I think I projected myself onto my vehicle—and throughout my life, all of my vehicles. By understanding that it is fixable and it is customizable, you can make it fabulous. And if it does break down, there’s a way to get it running again. My car was always so much a projection of myself.
So when I came back to Santa Clara Pueblo from Rhode Island, and I had been studying relational aesthetics at RISD, I drove through Espanola and I was like: “Man, talk about relational aesthetics. These lowriders—these custom cars— are everything they’re talking about. This is performance art.” This is like your house is missing windows and half burnt down, but you have a nice car in the yard—and that’s survival. I understand the psychology of needing a car as a projected source of self-worth. When your life is crumbling but you can drive through town with a sense of pride, it might just keep you alive.

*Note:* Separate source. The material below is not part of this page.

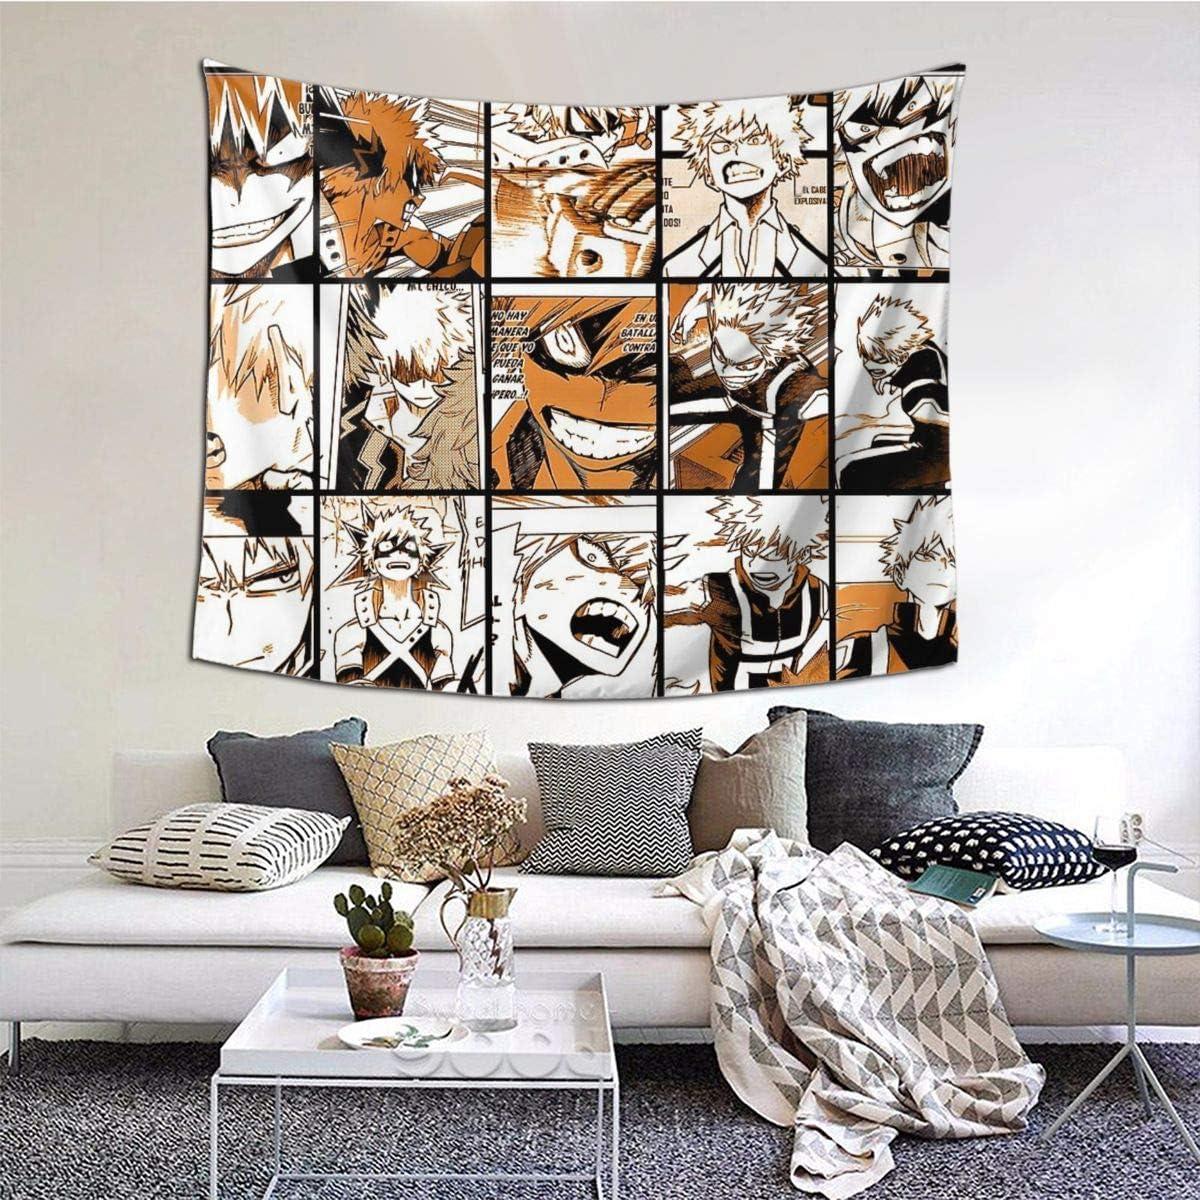 Zilld Bakugo Katsuki Tapestry Wall Hanging Home Decorations for Living Room Bedroom Dorm Decor 60×51 inch

And I think the reason that it makes sense that my lowrider Maria is in this major traveling exhibition at the Smithsonian is because I was trying to stay very true to applying my aesthetic integrity to my personal, psychological investigation. And so, I wasn’t like, “Oh, I’m going to make it so that she makes it into a museum.” I was like, “I’m going to make it so that it changes me.”
If it changes me, and it transforms me, and it makes me just walk with my head a little bit higher today, that was the whole point, right? She is one of a kind, and very, very specific. She has so much heart. That car is dripping with my heart.

I poured my heart and soul into making Maria. She’s a 1985 Chevy El Camino lowrider I built and named after Maria Martinez, the Pueblo potter who developed the look and feel of Santa Clara black-on-black ceramics in the early 1900s. And of course, just before I was supposed to drive her to the Smithsonian to be part of a big traveling exhibition, she broke down and I had to scramble to fix her.